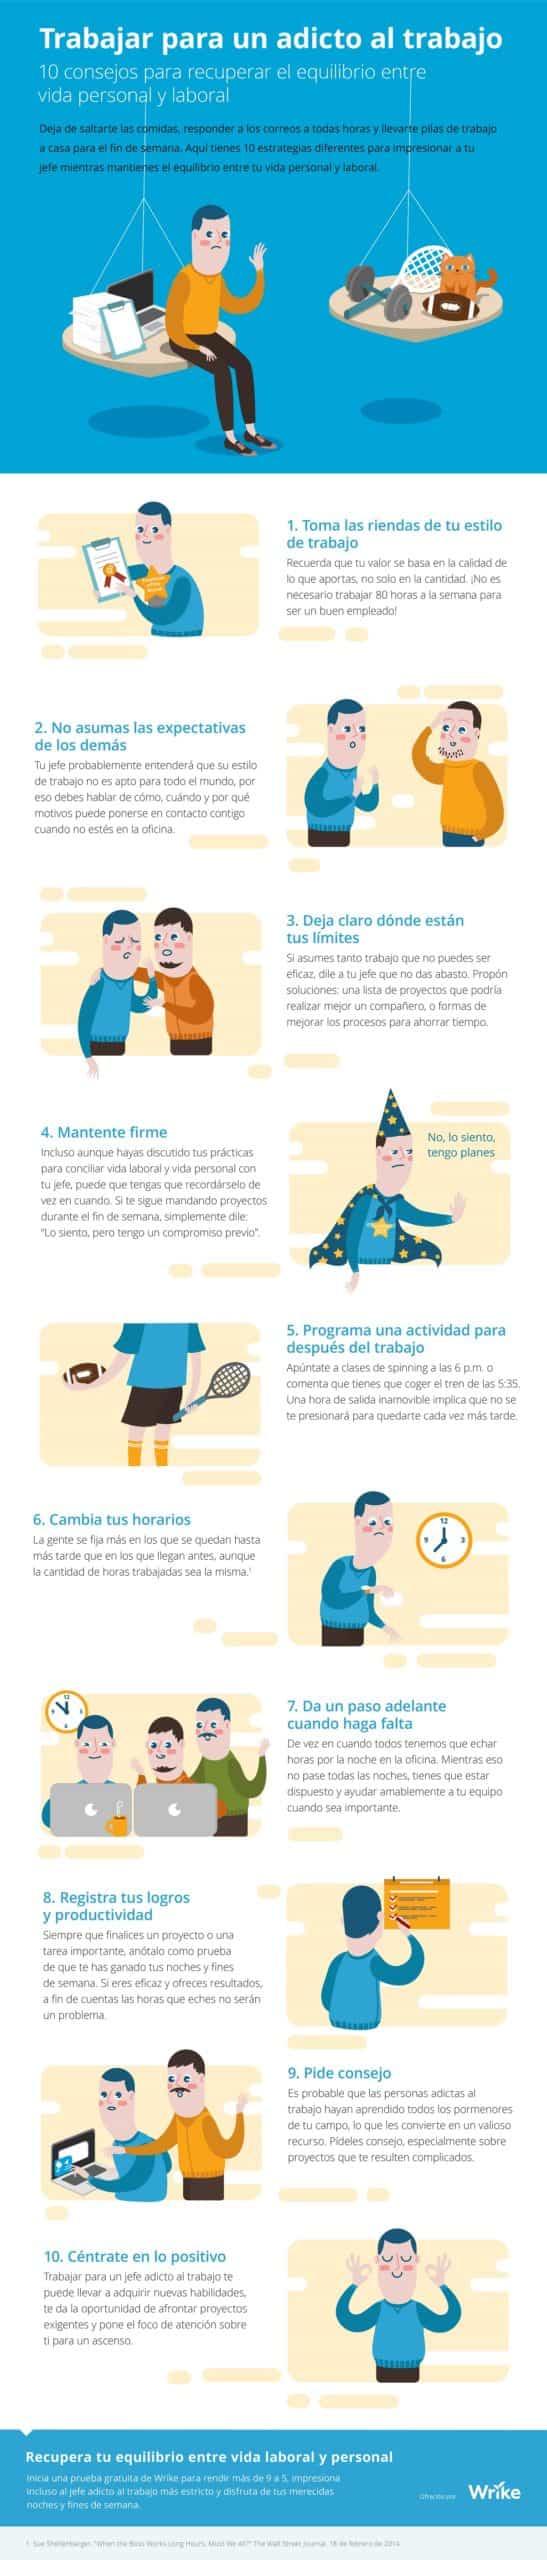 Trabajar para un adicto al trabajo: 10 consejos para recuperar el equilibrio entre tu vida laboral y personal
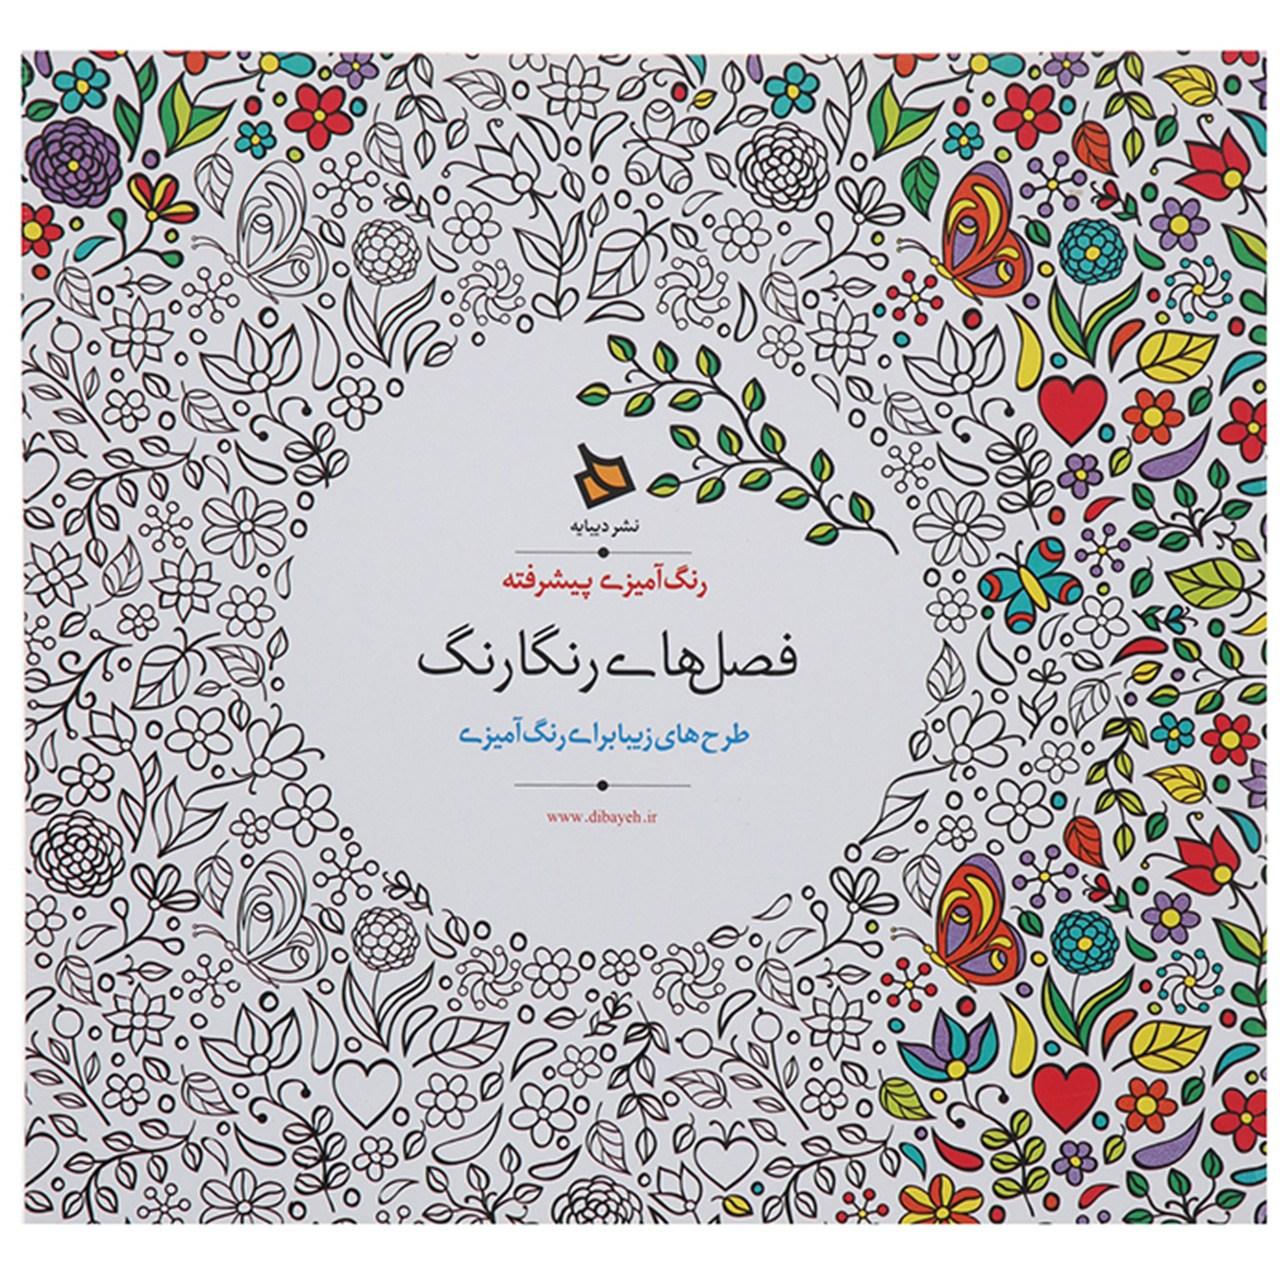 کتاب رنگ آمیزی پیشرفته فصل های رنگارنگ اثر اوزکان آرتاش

-------

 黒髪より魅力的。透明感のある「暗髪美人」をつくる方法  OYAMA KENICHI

-------

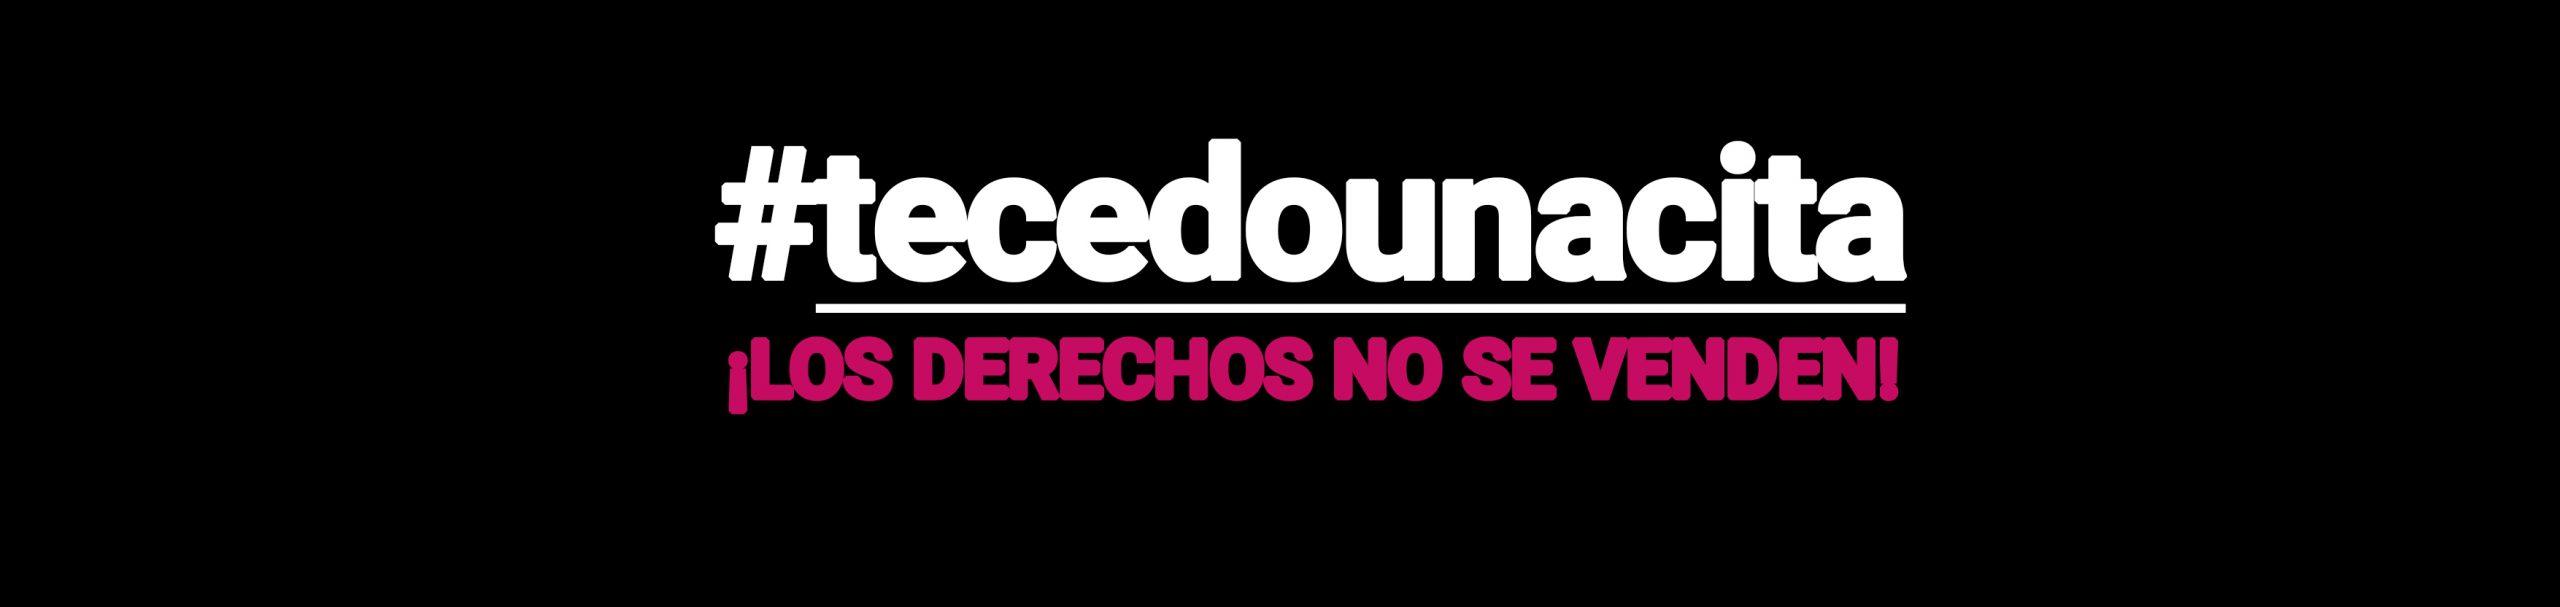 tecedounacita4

-------

* **WORK REQUIRED**
Using the listing above, repeat word for word each line from the one with "Trabajar para un" down to the one with "کتاب رنگ آمیزی", both included. Omit all pictures.

* **ANSWER SECTION**
 Trabajar para un adicto al trabajo: 10 consejos para recuperar el equilibrio entre tu vida laboral y personal
 کتاب رنگ آمیزی پیشرفته فصل های رنگارنگ اثر اوزکان آرتاش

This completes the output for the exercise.